Aim of the task: Which lines run from the line with "bgz-paribas" through the line with "Bauen Sie Ihren" in the entries below? Print them exactly, both ends included, and nothing more.

Records supplied:
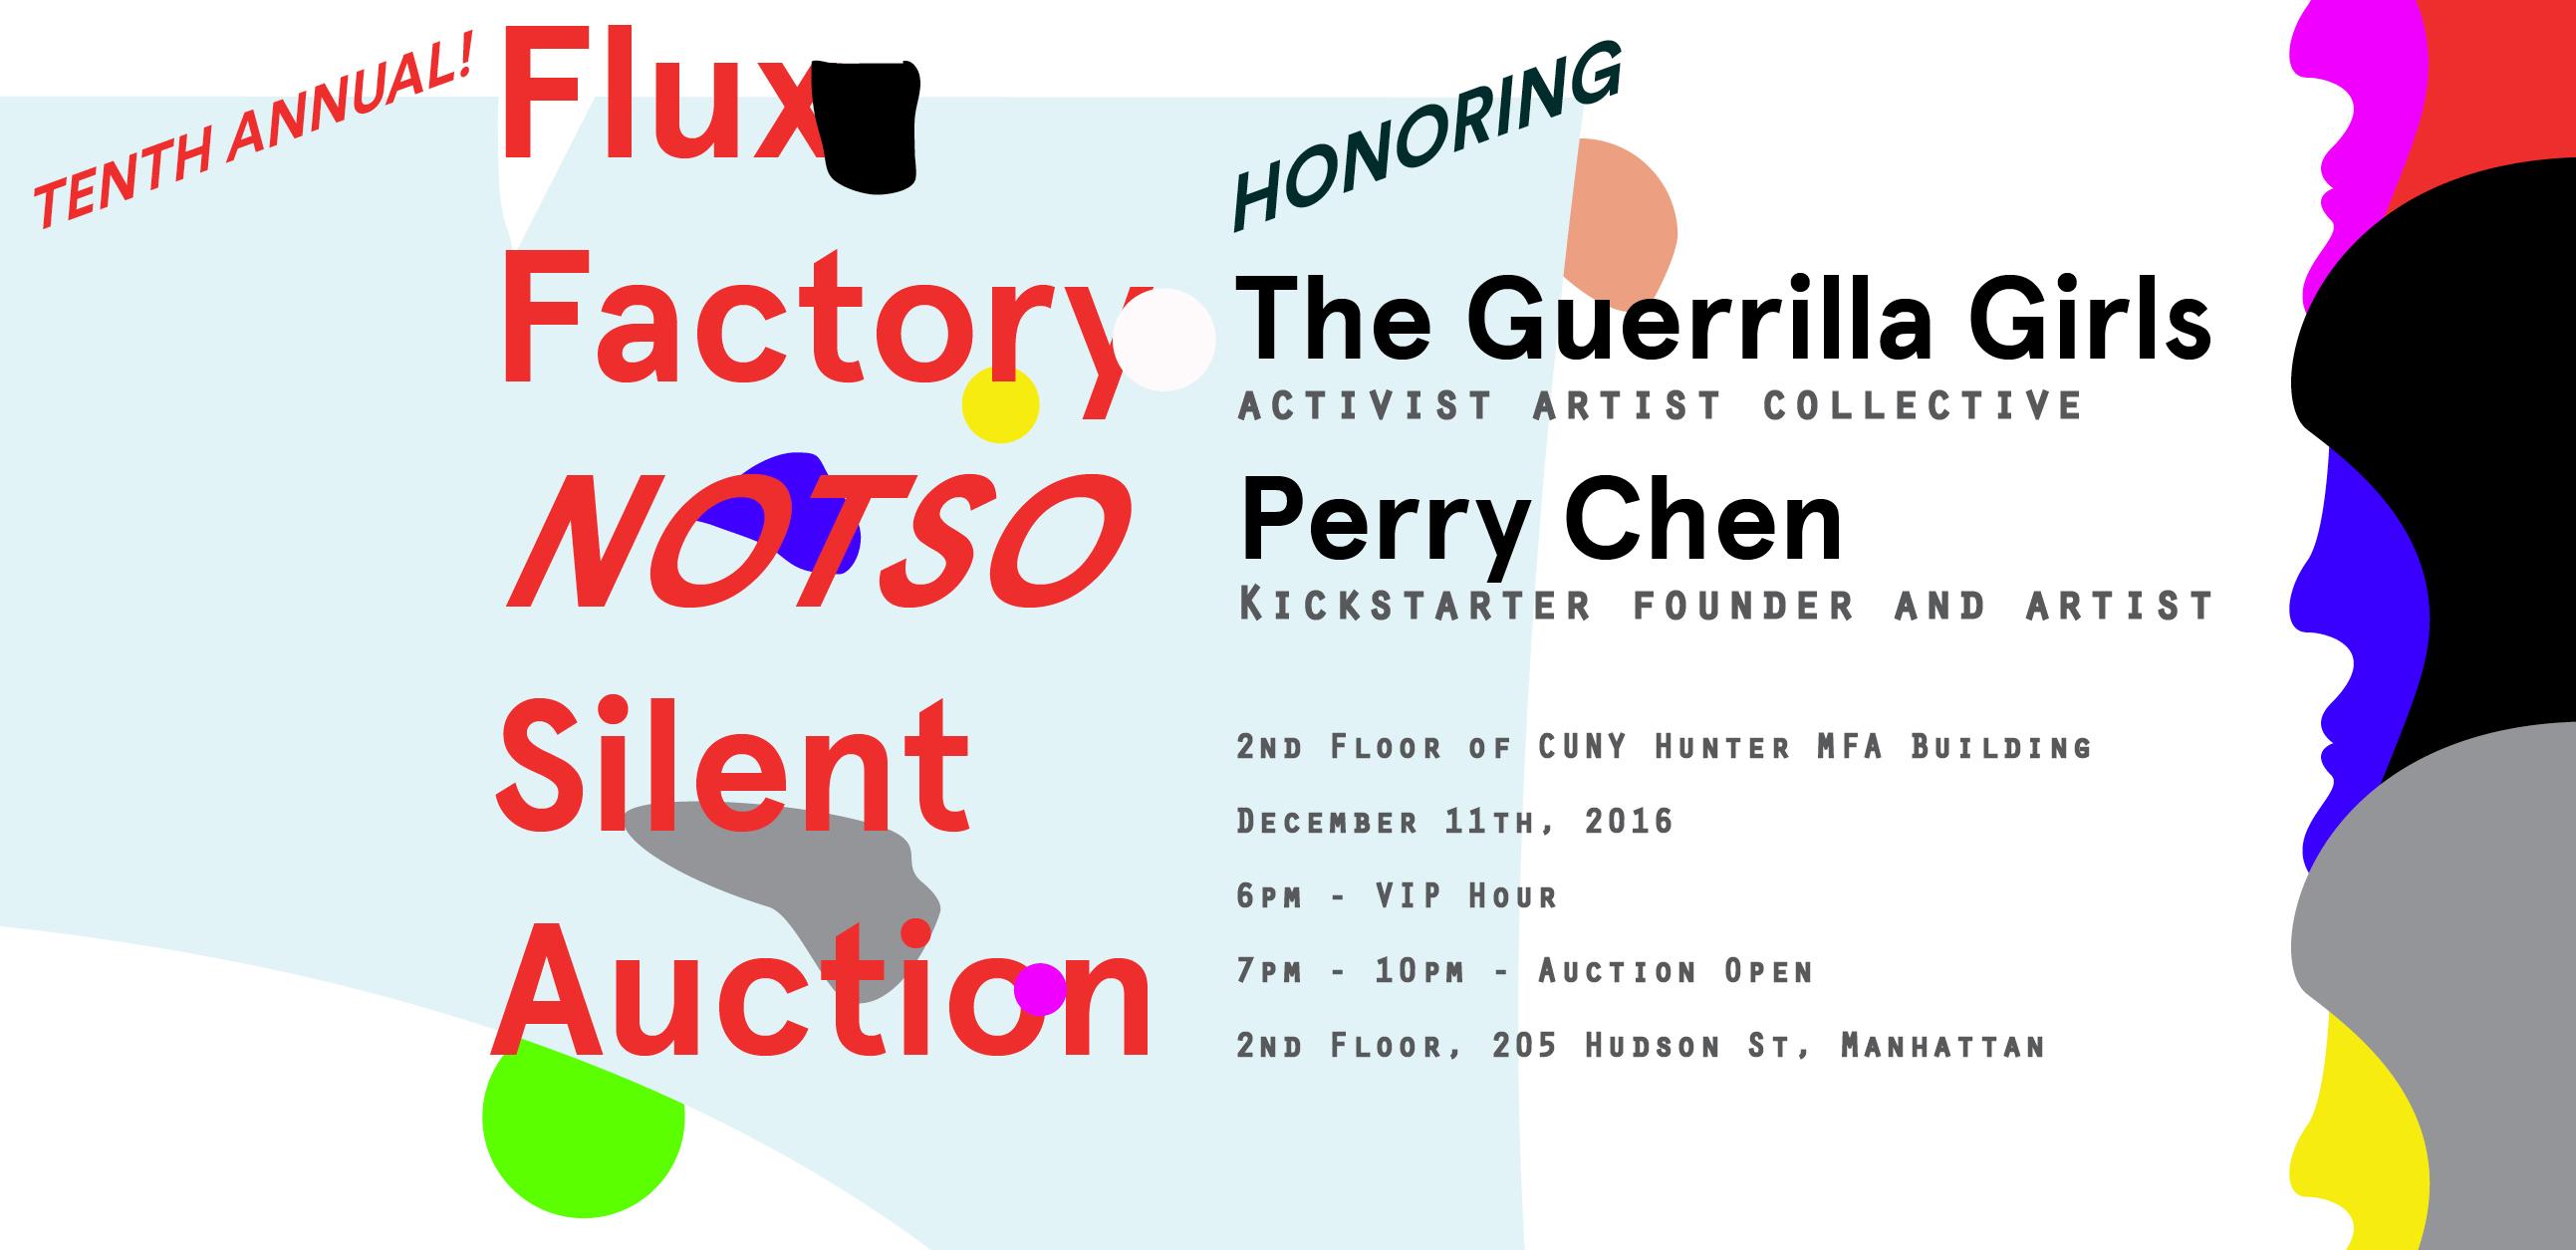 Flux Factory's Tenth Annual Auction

---

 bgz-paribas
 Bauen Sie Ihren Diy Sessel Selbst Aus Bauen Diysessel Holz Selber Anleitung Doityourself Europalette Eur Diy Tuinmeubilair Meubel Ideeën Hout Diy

Exercise response:
 bgz-paribas
 Bauen Sie Ihren Diy Sessel Selbst Aus Bauen Diysessel Holz Selber Anleitung Doityourself Europalette Eur Diy Tuinmeubilair Meubel Ideeën Hout Diy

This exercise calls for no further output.